Tonight, on the café terraces of the capital, in the city-center apartments where every square meter is worth a year’s wages for a proletarian, in the narrow alleys of the museum-city, sold off piece by piece to oligarchs from around the world, the liberal bourgeoisie revels in laughter, in a mixture of euphoria and terror.
It celebrates what it surely perceives, in its class unconscious, as a military victory of the rich over the peripheral underclass.
If we analyze them collectively, coldly, empirically—if we closely examine what their lives are made of—we begin to understand the viciousness with which they applauded the judicial and police repression, the hallucinatory brutality, the grotesque government-sanctioned violence unleashed upon the bodies of the Yellow Vests.
The liberal bourgeoisie, drained, eyes rolled back, watched from their Parisian living rooms as disturbing images looped endlessly on 24-hour news channels.

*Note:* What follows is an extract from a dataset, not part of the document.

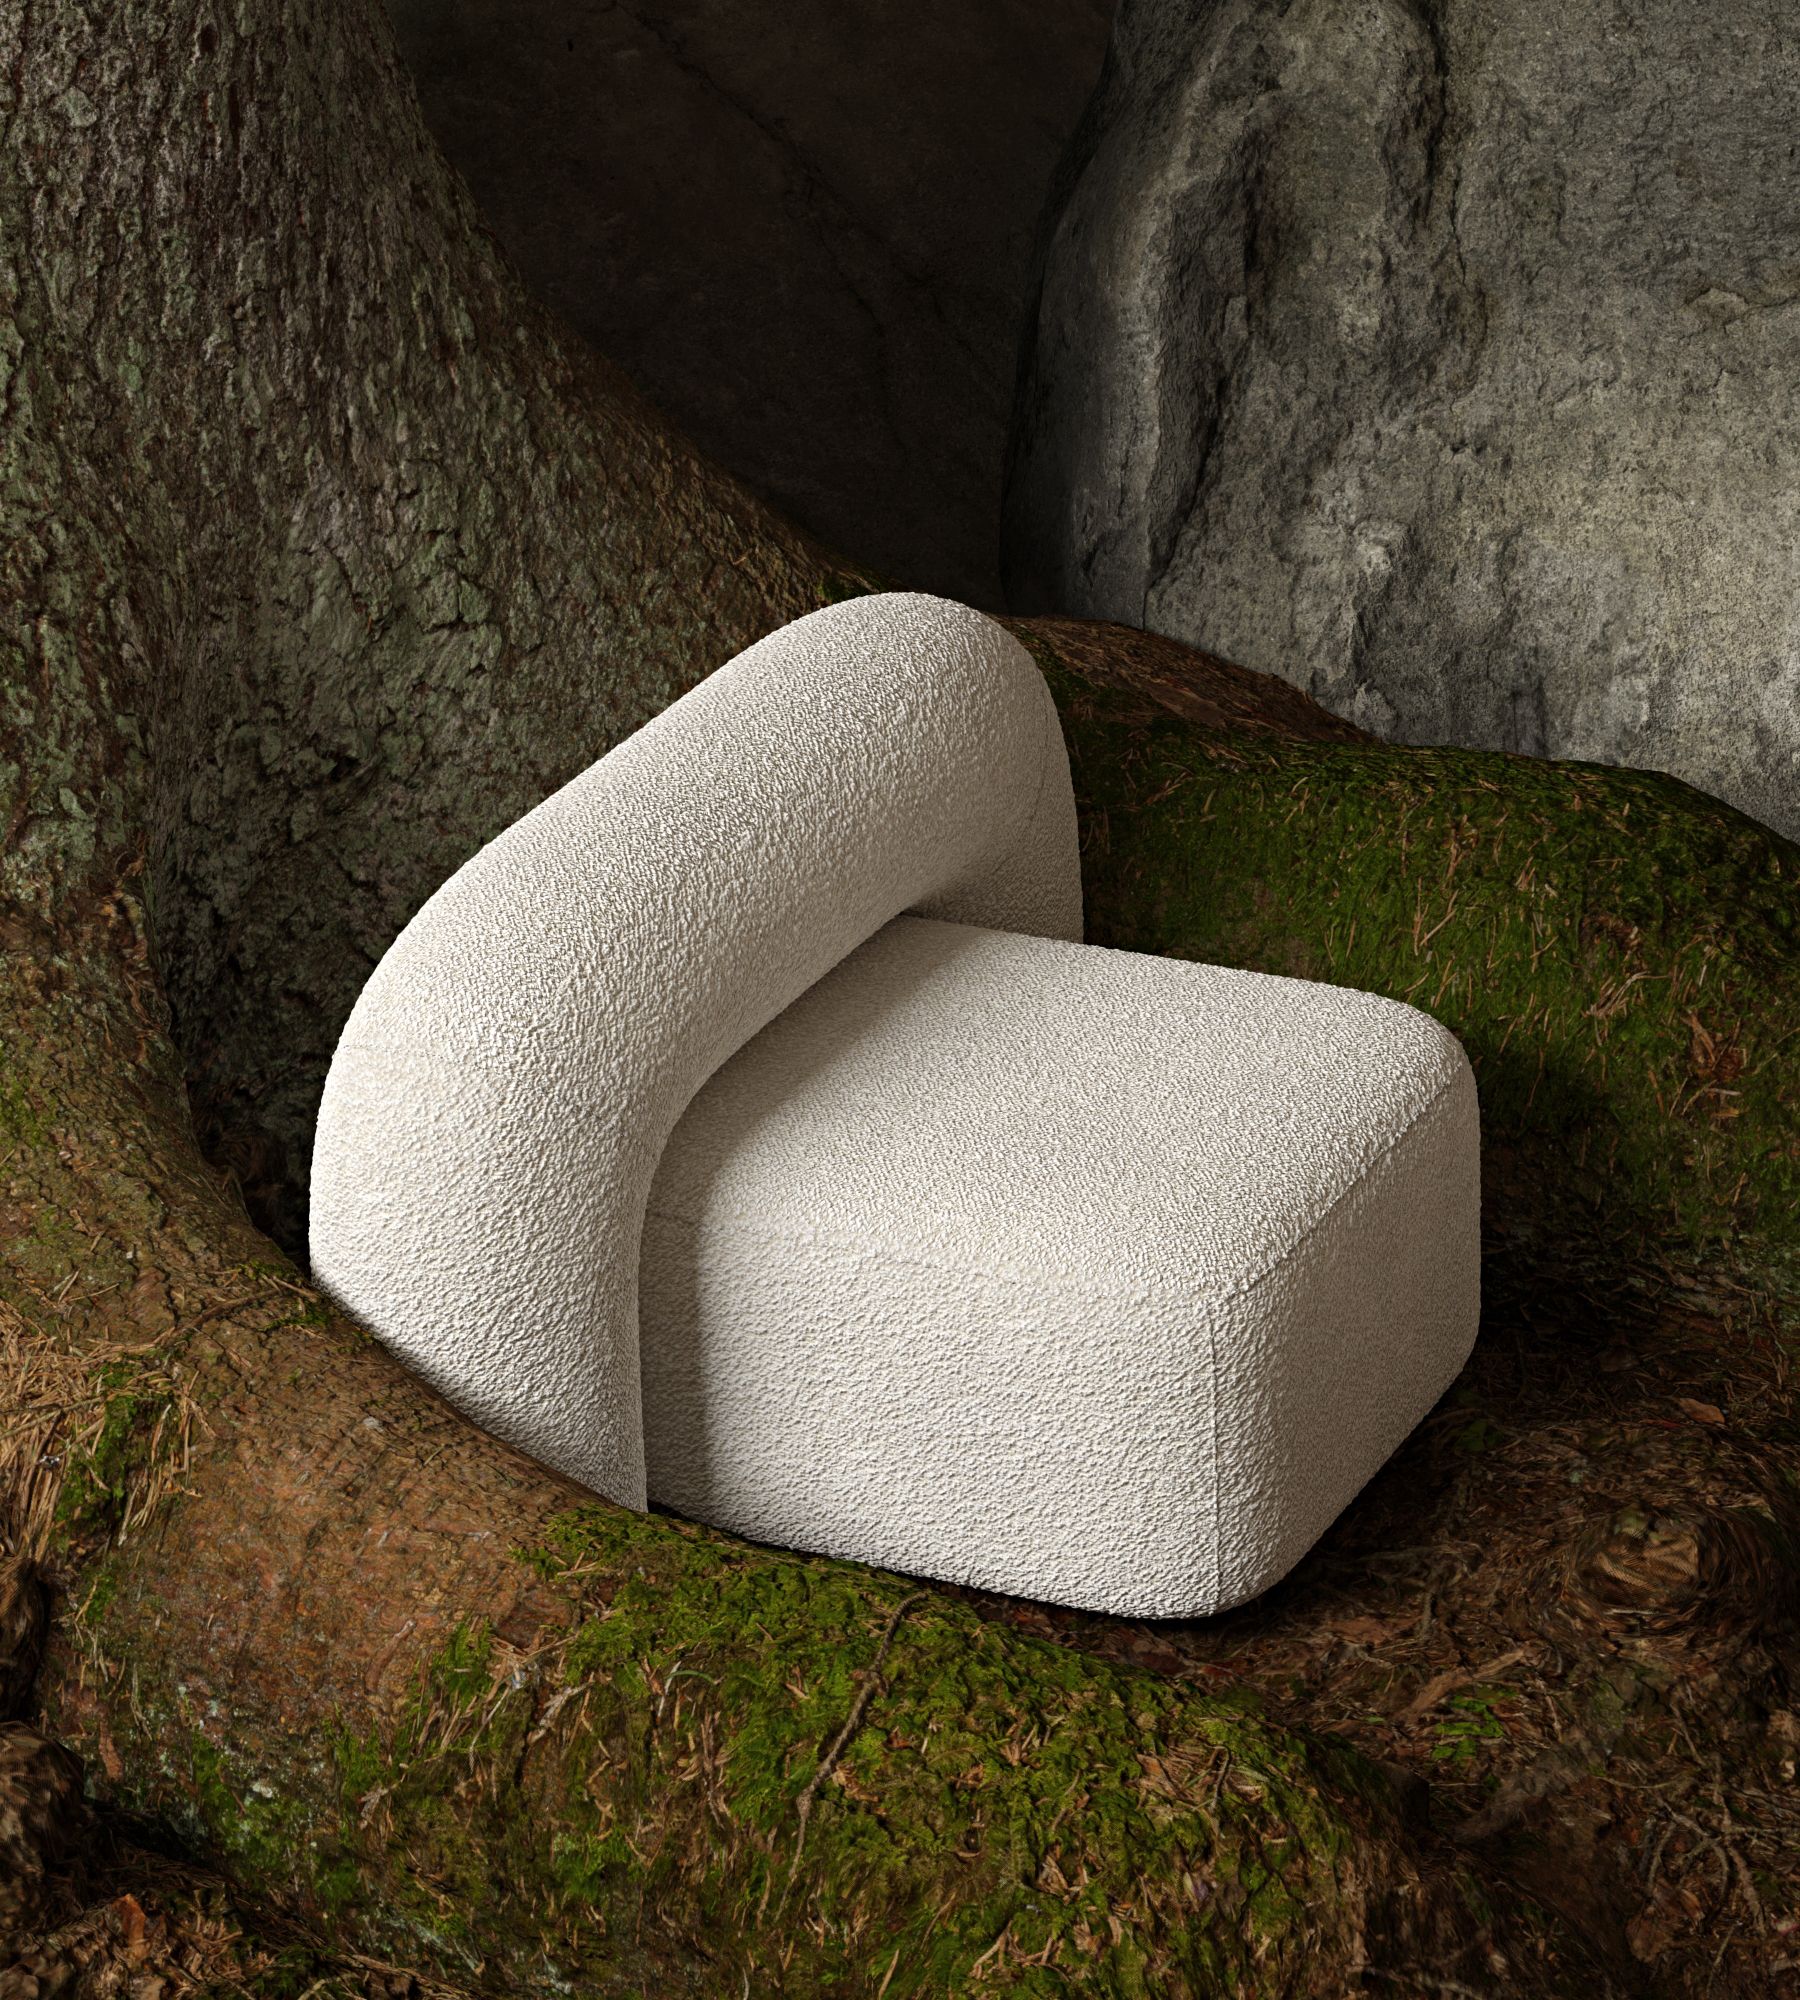 Moss inspired Pavel Vetrov's new furniture collection
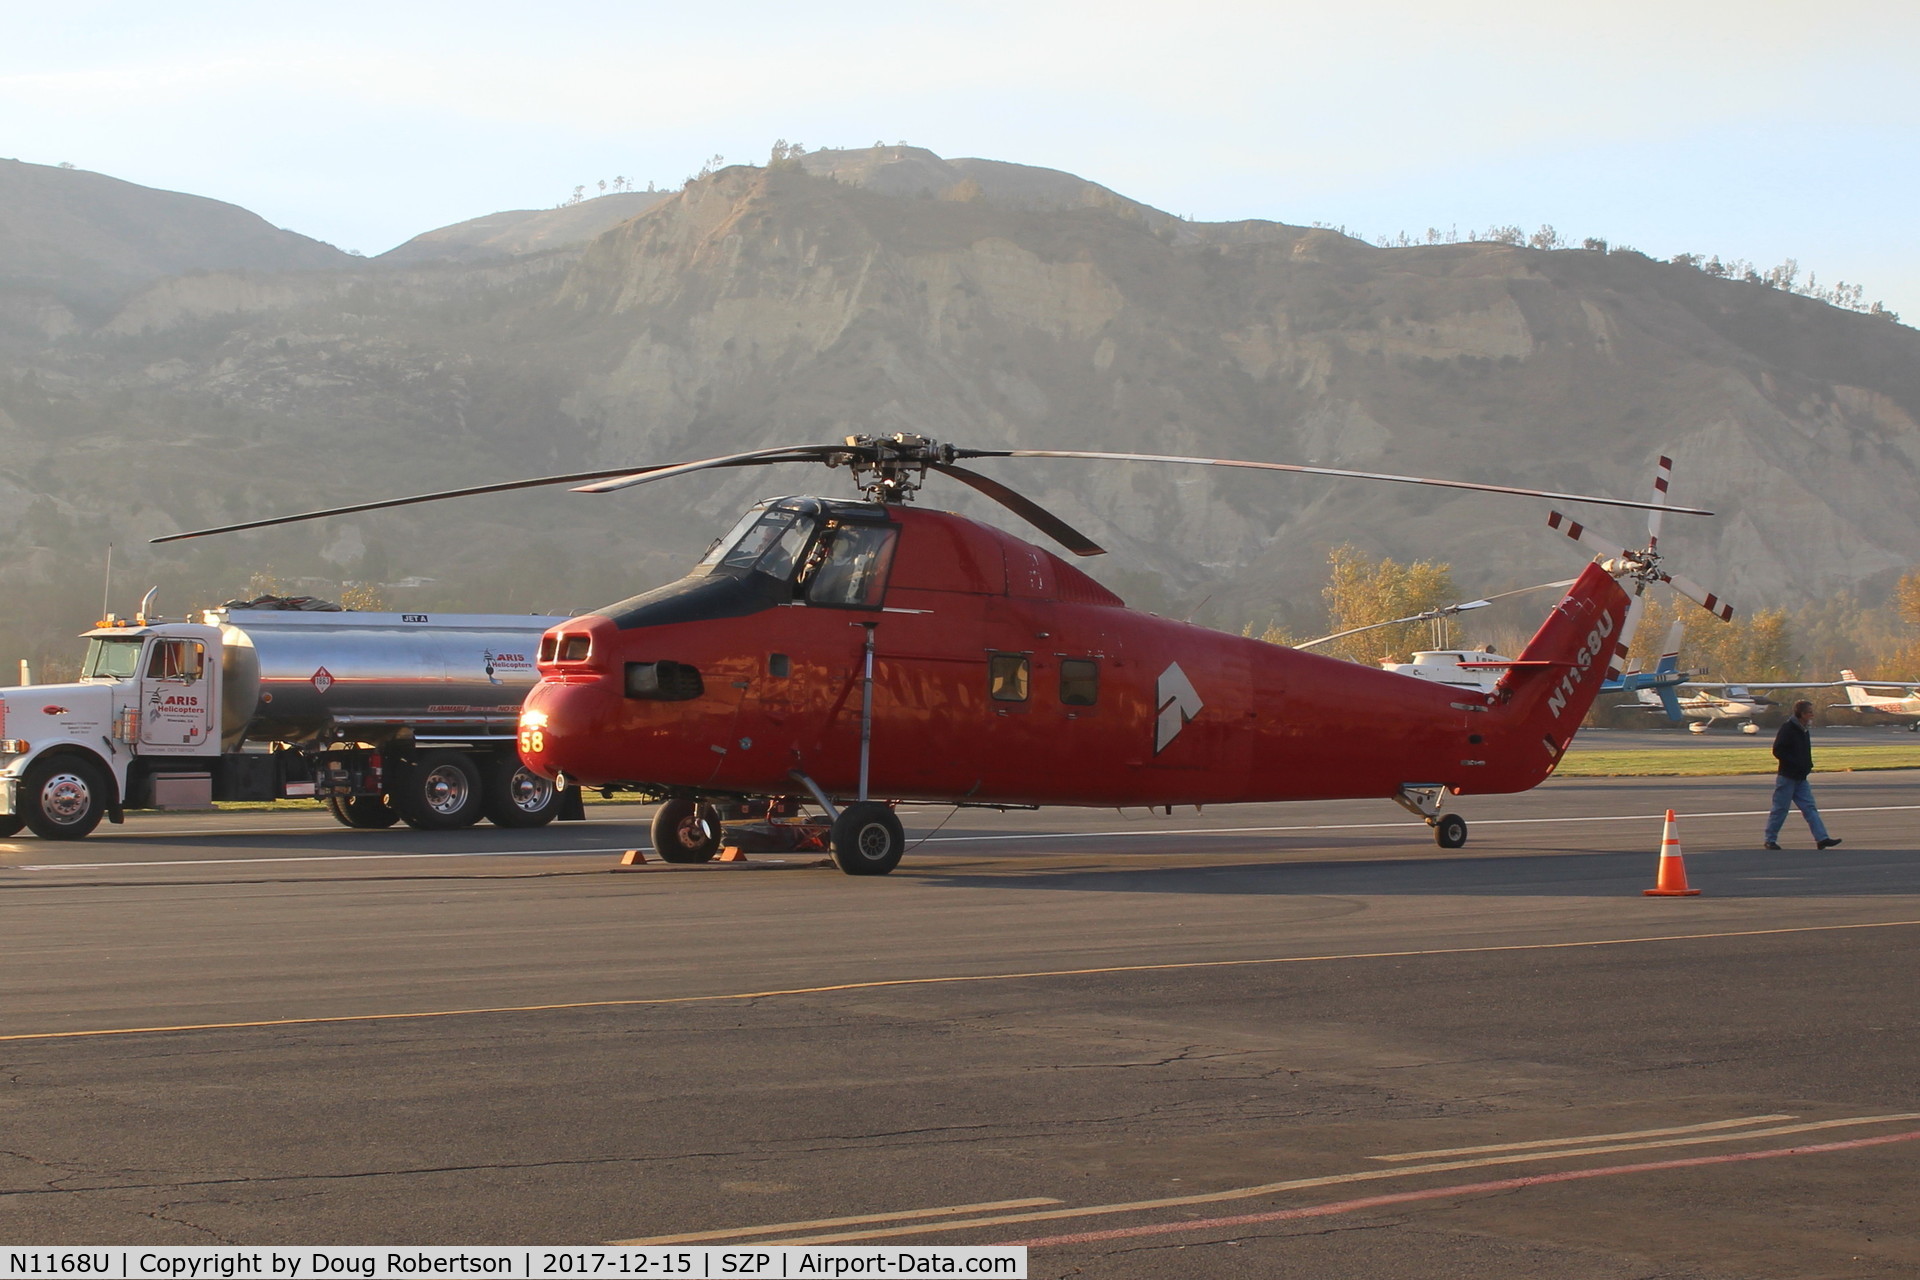 N1168U, 1958 Sikorsky S-58ET C/N 58-1070, 1958 Sikorsky S-58T, one P&W(C)PT6T-3 1,875 SHp Turboprop conversion Firebomber, supporting the Thomas fire fight

They saw unsettling scenes from the roundabouts: scenes of mutual aid, of working-class solidarity, of fraternity they never could have imagined.
Social bonds, friendships, human communities forming around simple, universal values. Isolated individuals—previously strangers—meeting for the first time.
People talking, rebuilding society, creating a shared space where understanding and goodwill once again became possible. Despite their precarious circumstances, despite the harshness of daily life, they found a sense of joy in their struggle.
In François Ruffin’s eye-opening documentary J’veux du soleil, they were even seen laughing, singing, getting angry, then joking again, others falling in love.
It was precisely this—the sight of poor people smiling—that infuriated the liberal bourgeoisie.
Confronted with these images, they were forced to face their own solitude, their emotional desert, their moral bankruptcy, and their spiritual emptiness.
They were forced to look into the abyss of their own gray, dreary, lifeless existence, cold as death.
This is their darkest secret, now laid bare.
It was the sight of happiness on the faces of the poor that drove them to madness. To the anger of the Yellow Vests, to a few broken shop windows and burning trash cans, the bourgeoisie responded with torn-off hands, gouged-out eyes, and hatred.